Abstract:
Today a massive amount of source code is available on the Internet and open to serve
as a means for code reuse. Developers can reduce the time cost and resource cost by
reusing these external open source code in their own projects. Even though a number
of Code Search Engines (CSE) are available, finding the most relevant source code is
often challenging. In this research, we proposed a framework that can be used to
overcome the problem faced by developers in code searching and reusing. The
framework starts with the software architecture design in XML format (Class
Diagram), extracts information from the XML file, and then based on the extracted
information, fetches relevant projects using three types of crawler from GitHub,
SourceForge, and GoogleCode. We will have a huge amount of projects by
downloading process using the crawlers and need to find most relevant projects among
them.
In this research, we particularly focus on projects developed using Java language.
Each project will have a number of .java files, and all files will be represented as
Abstract Syntax Trees (AST) to extract identifiers (class names, method names, and
attributes name) and comments from the .java files. Then, on one hand, we will have
the identifiers which are extracted from the XML file (Class diagram), and the other
hand the identifiers and the action words (verbs) extracted from downloaded projects.
Action words are extracted from comments using Part of Speech technique (POS).
These two group of identifiers need to be analyzed for matching, if the identifiers are
matched, an amount of marks will be given to these identifiers, likewise marks will
be added together and then if the total marks is greater than 50%, the .java file belongs
to these identifier will be suggested as relevant code.
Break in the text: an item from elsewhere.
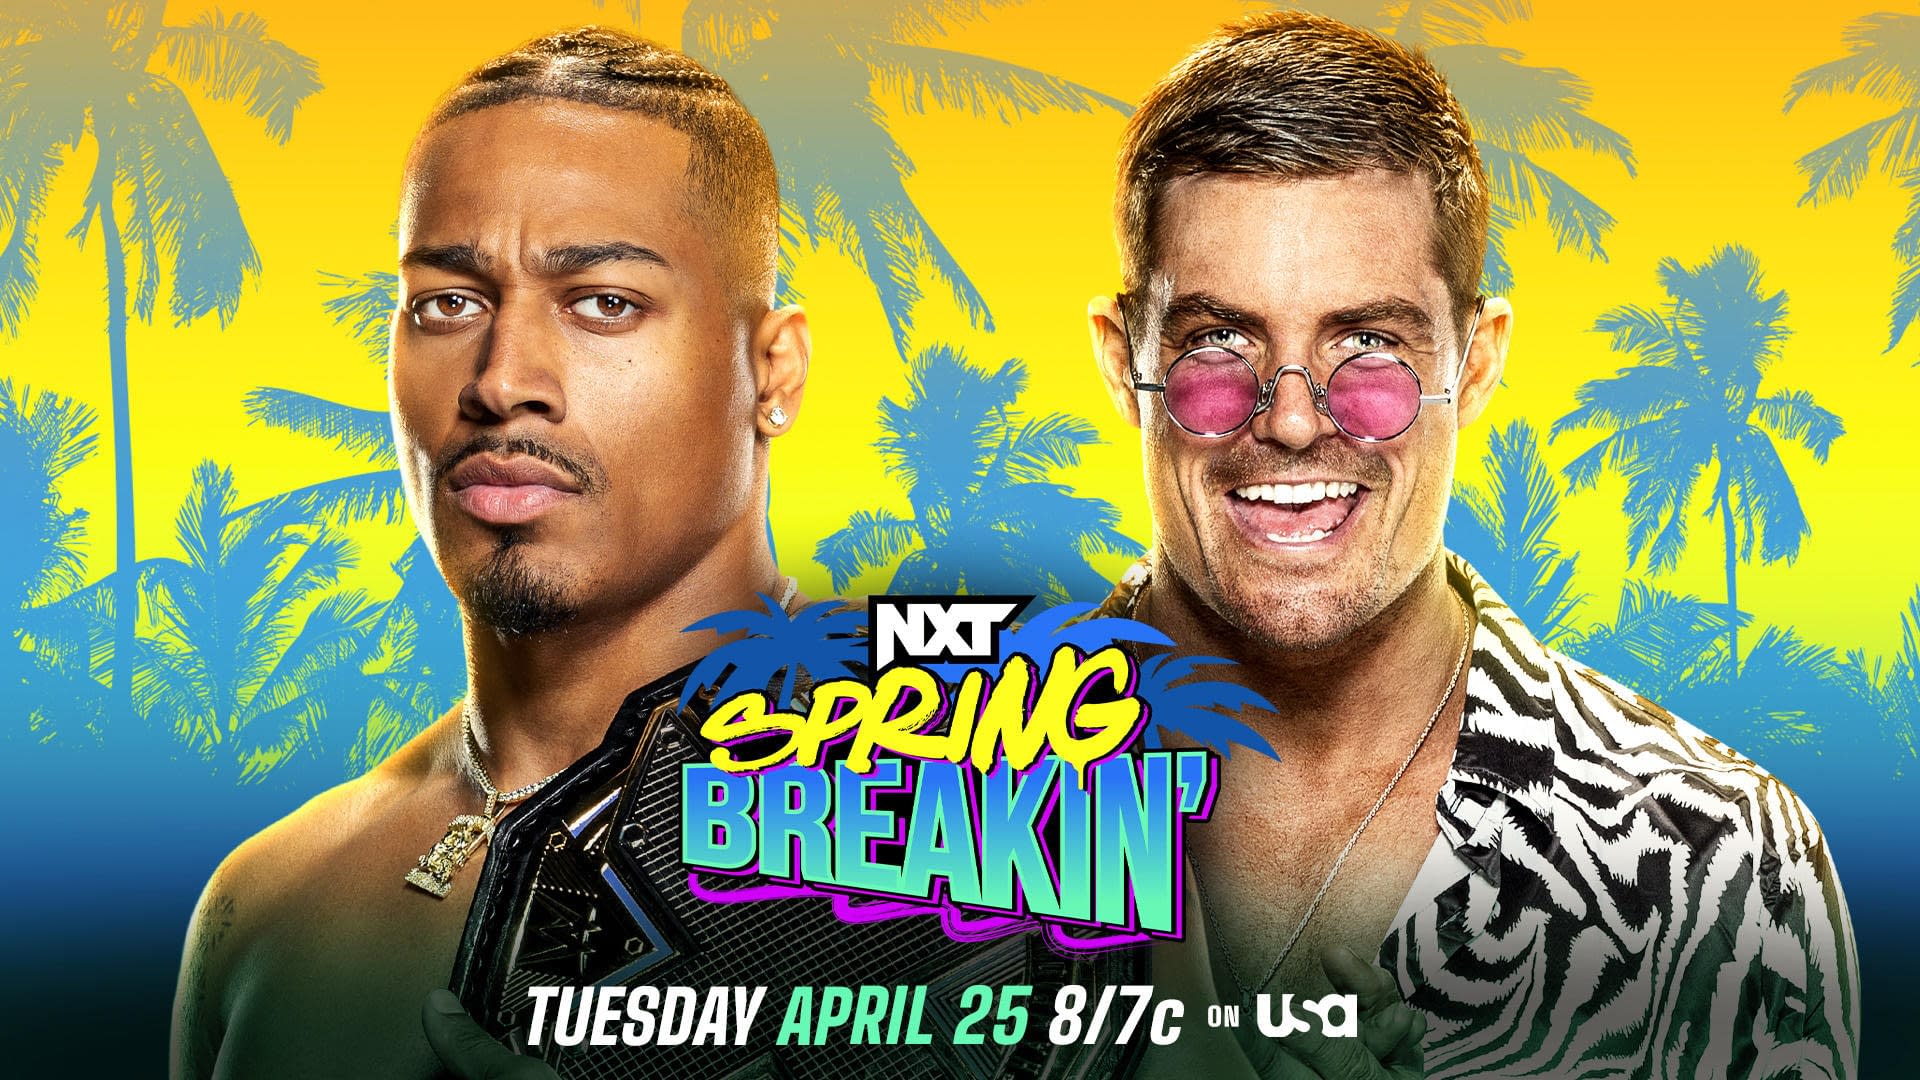 NXT Spring Breakin' Preview Can Grayson Waller Win The Big One?

Otherwise, synonyms of the
identifiers will be discovered using WordNet, and the matching process will be
repeated for the synonyms. For the composite identifiers, camel case splitter is used to
separate these words. If the programmers do not follow camel case naming convention,
N-gram technique is used to separate these word. The Stanford Spellchecker is used to
identify abbreviated words. Evaluation of our developed framework resulted in
95.25% of average accuracy of four subsystem [project downloader (100%), identifier
analyzer (94%), word finder (87%), and comments analyzer (100%)] accuracy.